### DATA FOR REVIEW
BEGIN
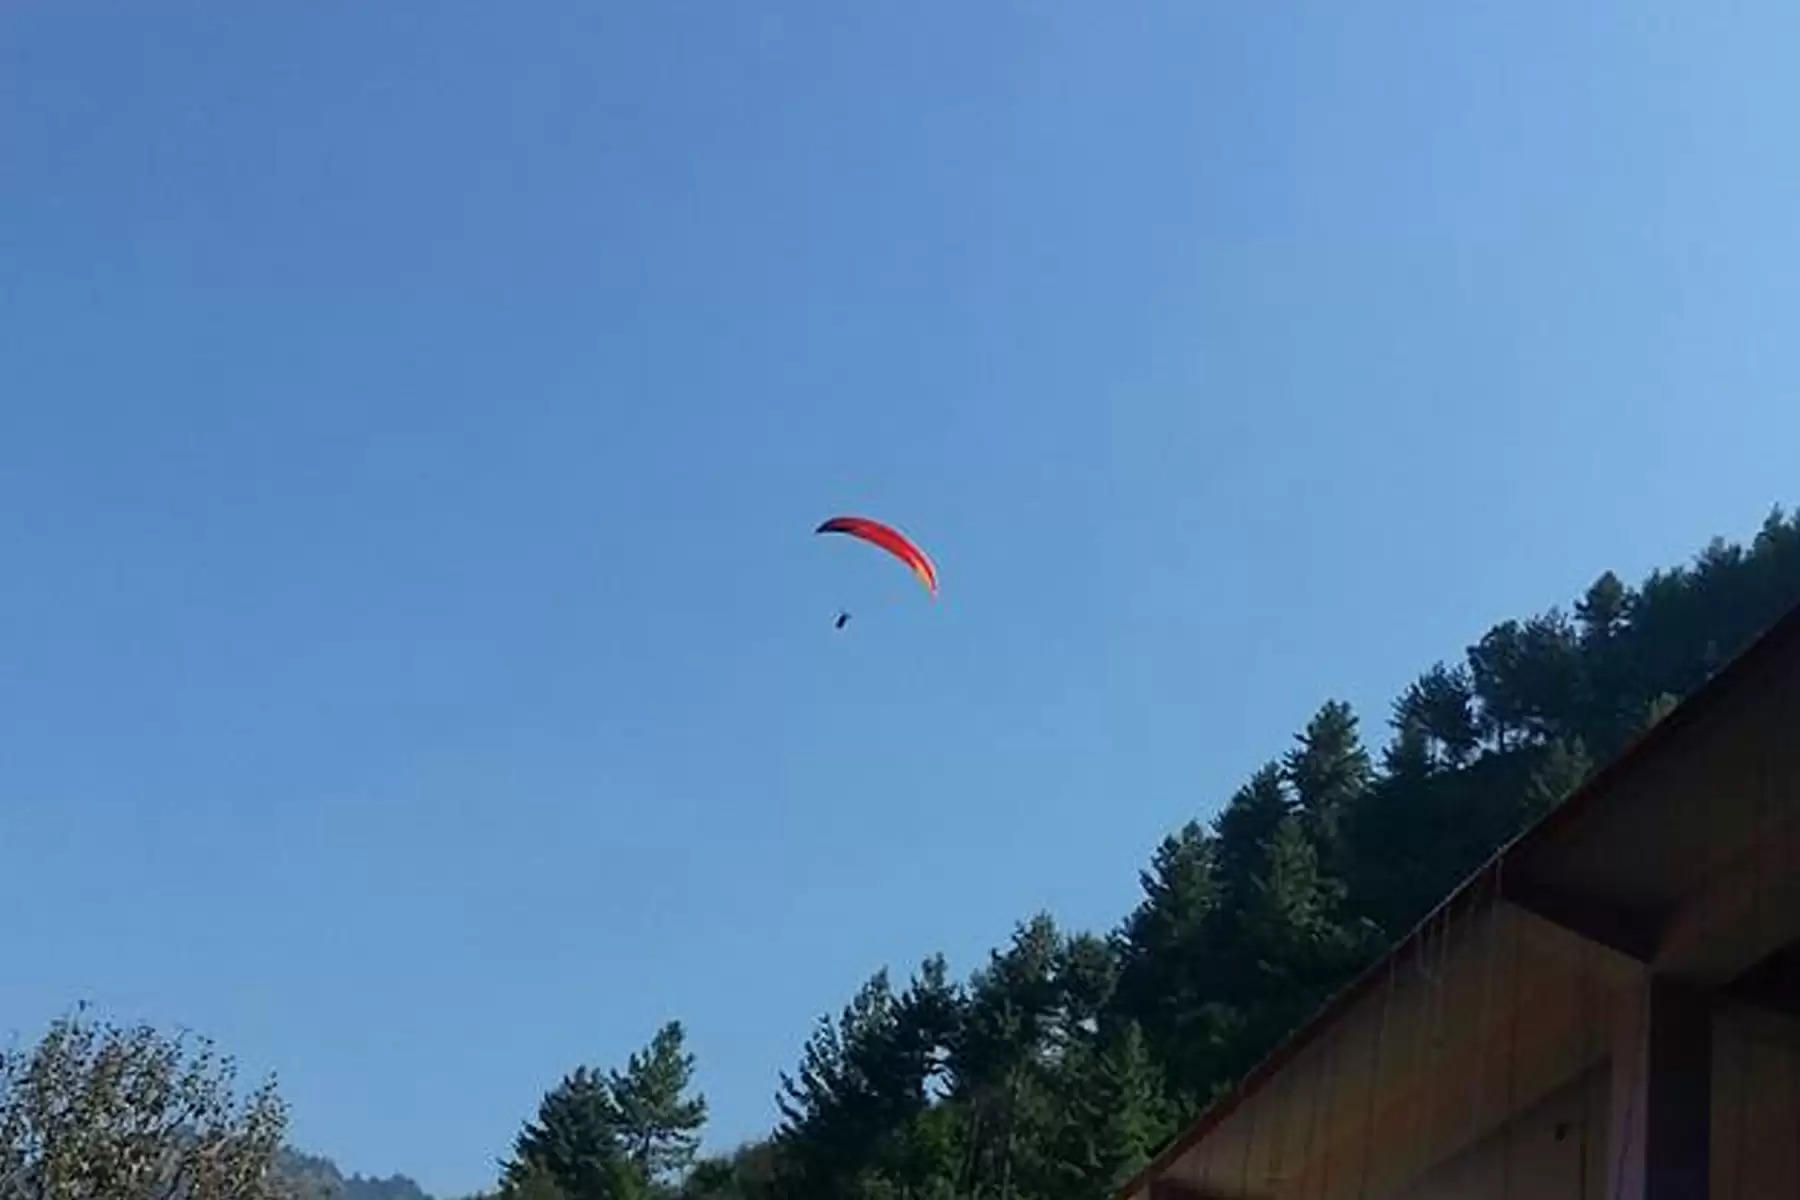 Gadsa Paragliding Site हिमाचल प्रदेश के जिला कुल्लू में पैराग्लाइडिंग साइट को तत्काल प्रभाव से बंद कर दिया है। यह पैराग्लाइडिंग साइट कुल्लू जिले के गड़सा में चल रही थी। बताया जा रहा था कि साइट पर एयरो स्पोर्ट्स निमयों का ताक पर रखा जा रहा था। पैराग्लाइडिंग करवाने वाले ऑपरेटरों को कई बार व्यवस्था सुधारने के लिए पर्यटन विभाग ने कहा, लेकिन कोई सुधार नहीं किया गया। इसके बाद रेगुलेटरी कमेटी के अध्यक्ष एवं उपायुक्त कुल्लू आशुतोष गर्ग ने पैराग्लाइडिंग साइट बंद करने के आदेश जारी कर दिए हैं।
END
BEGIN
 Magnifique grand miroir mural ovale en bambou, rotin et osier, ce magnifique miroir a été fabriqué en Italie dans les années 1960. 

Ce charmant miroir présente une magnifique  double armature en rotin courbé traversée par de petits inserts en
END
### WHAT IS BEING ASKED
Could you retype exactly the lines above, starting at the line that contains "Magnifique grand miroir" and ending at the line that contains "Ce charmant miroir", and nothing more?

### EXERCISE OUTPUT
 Magnifique grand miroir mural ovale en bambou, rotin et osier, ce magnifique miroir a été fabriqué en Italie dans les années 1960. 

Ce charmant miroir présente une magnifique  double armature en rotin courbé traversée par de petits inserts en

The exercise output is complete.